International Association for Cryptologic Research

International Association
for Cryptologic Research

IACR News item: 23 January 2025

Srinath Setty, Justin Thaler
ePrint Report ePrint Report
A memory checking argument enables a prover to prove to a verifier that it is correctly processing reads and writes to memory. They are used widely in modern SNARKs, especially in zkVMs, where the prover proves the correct execution of a CPU including the correctness of memory operations.

We describe a new approach for memory checking, which we call the method of one-hot addressing and increments. We instantiate this method via two different families of protocols, called Twist and Shout. Twist supports read/write memories, while Shout targets read-only memories (also known as lookup arguments). Both Shout and Twist have logarithmic verifier costs. Unlike prior works, these protocols do not invoke "grand product" or "grand sum" arguments.

Twist and Shout significantly improve the prover costs of prior works across the full range of realistic memory sizes, from tiny memories (e.g., 32 registers as in RISC-V), to memories that are so large they cannot be explicitly materialized (e.g., structured lookup tables of size $2^{64}$ or larger, which arise in Lasso and the Jolt zkVM). Detailed cost analysis shows that Twist and Shout are well over 10x cheaper for the prover than state-of-the-art memory-checking procedures configured to have logarithmic proof length.

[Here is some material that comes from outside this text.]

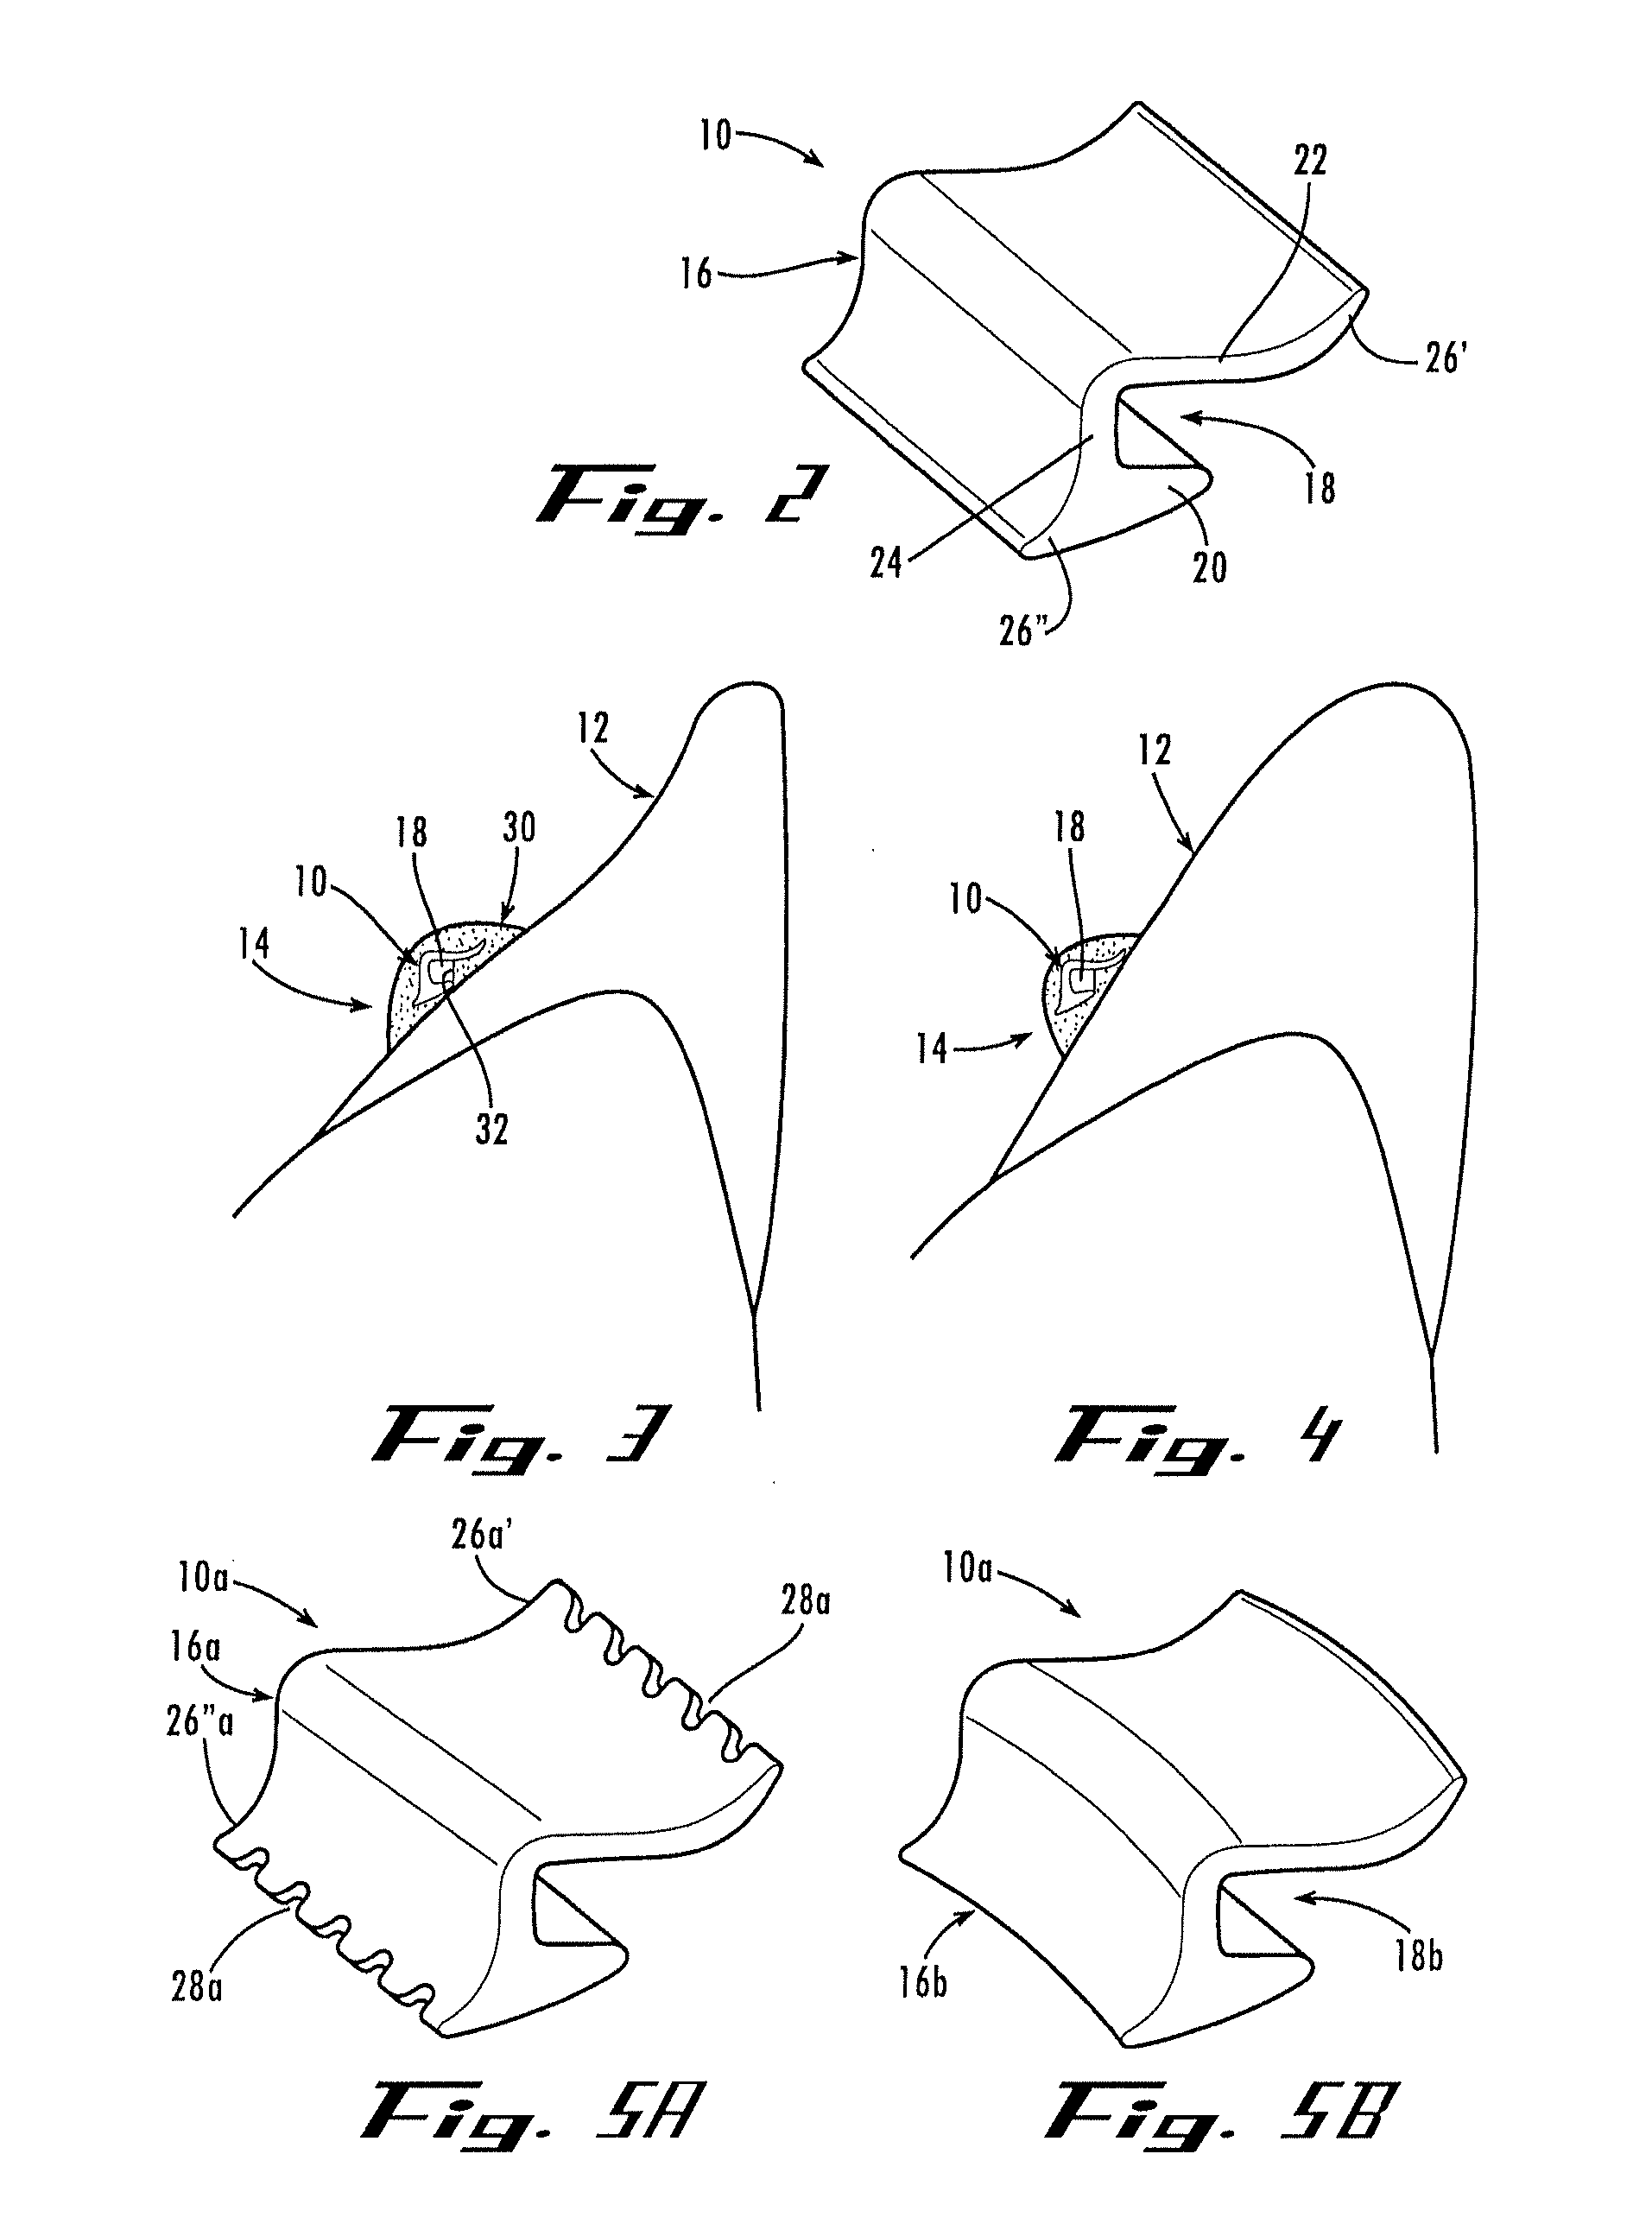 Orthodontic bracket and method of attaching orthodontic brackets to teeth

Prior memory-checking procedures can also be configured to have larger proofs. Even then, we estimate that Twist and Shout are at least 2--4x faster for the prover in key applications. Finally, using Shout, we provide two fast-prover SNARKs for non-uniform constraint systems, both of which achieve minimal commitment costs (the prover commits only to the witness): (1) SpeedySpartan applies to Plonkish constraints, substantially improving the previous state-of-the-art protocol, BabySpartan; and (2)Spartan++ applies to CCS (a generalization of Plonkish and R1CS), improving prover times over the previous state-of-the-art protocol, Spartan, by 6x.